私は入社3年目の2019年に接遇インストラクター研修を受講し、インストラクターの認定を受けました。きっかけは、入社時研修で登壇されていた先輩インストラクターの存在です。立ち居振る舞い、言葉遣い、そのすべてが本当に美しく、「いつか自分もこんなホテリエになりたい」と強く憧れました。まさか3年目で挑戦できるとは思っていませんでしたが、当時の上司から声をかけていただき、このチャンスを生かせたらと思ったのです。(竹中)
私も、入社時研修で拝見したインストラクターの方々の圧倒的な存在感は、今でも鮮明に覚えています。ただ、その一方で「自分には難しいかもしれない」と一度は諦めていました。転機となったのは、2024年から始まった公募制度です。入社4年目を迎え、現場の仕事にも少しずつ余裕が出てきた時期で、何か新しい挑戦ができたらと考えるようになりました。当時の部門長から背中を押していただけたことも、大きなきっかけとなりました。(上原)
──接遇インストラクター研修を受講するためには、厳しい面接があると伺っています。面接ではどのような点を意識されたのでしょうか。
周囲は年上の先輩方ばかりでしたので、まずは「明るく臨むこと」を意識しました。技術面ではまだ未熟な部分もありましたが、学びたいという熱意や前向きな姿勢を、素直に伝えることを心がけました。(竹中)

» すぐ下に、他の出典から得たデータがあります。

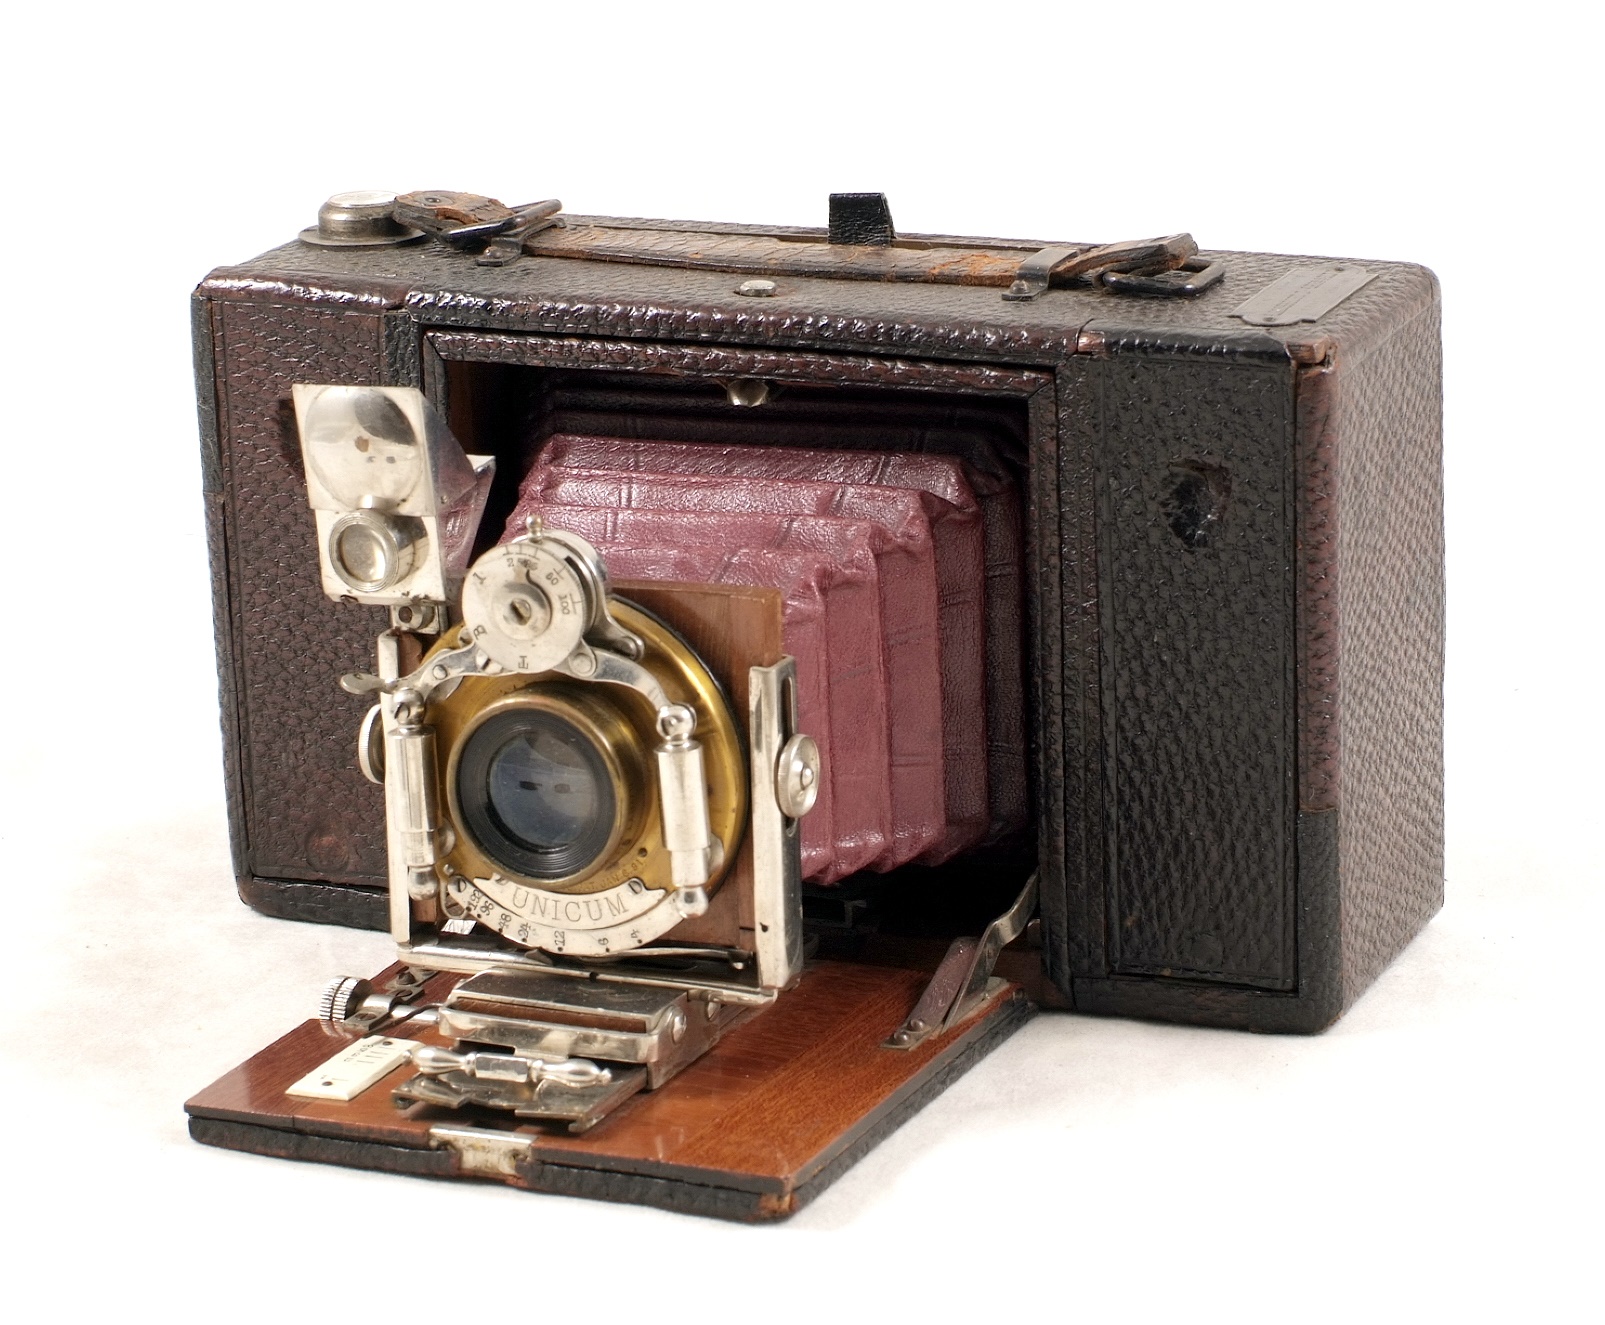 A Rare Rietzschel Clack Combined Roll Film/Plate Camera - Image 6 of 8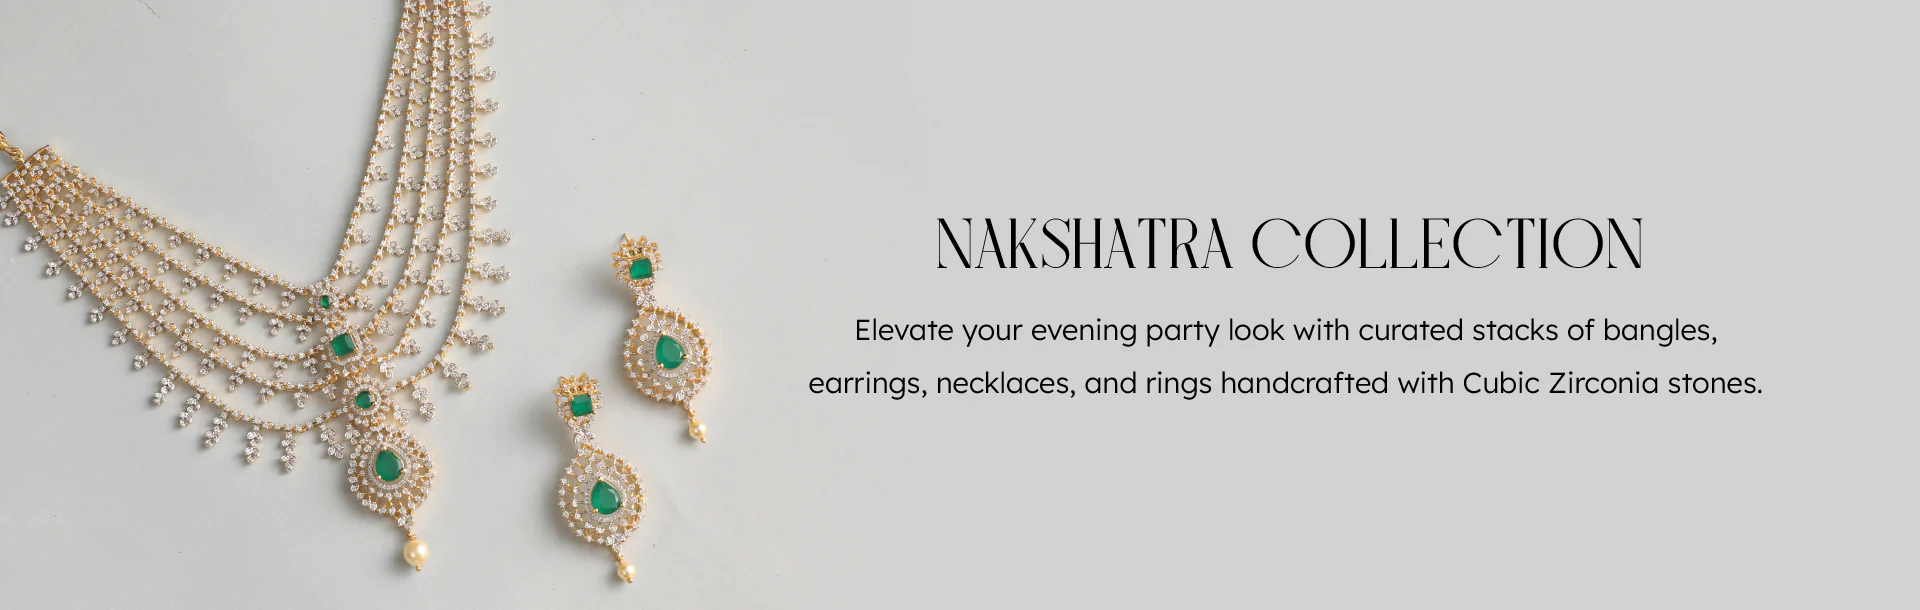 Nakshatra Collection

私は、日々お客様と向き合うなかで培ってきたおもてなしの心を、自分の中だけに留めるのではなく、周囲に伝えていける存在になりたいという想いをお伝えした記憶があります。(上原)
──実際に研修を受けられて、どのような学びや気づきがありましたか。
「接遇」に対する考え方が大きく変わりました。正しい言葉遣いや美しい所作はもちろん大切ですが、それだけではありません。お客様の心に寄り添う一言や姿勢が、その方の一日を輝かせることがあるのだと、身をもって感じました。研修中は講師の話し方はもちろん、立ち姿や所作、ペンの持ち方に至るまで、すべてを吸収しようという気持ちで臨みました。(竹中)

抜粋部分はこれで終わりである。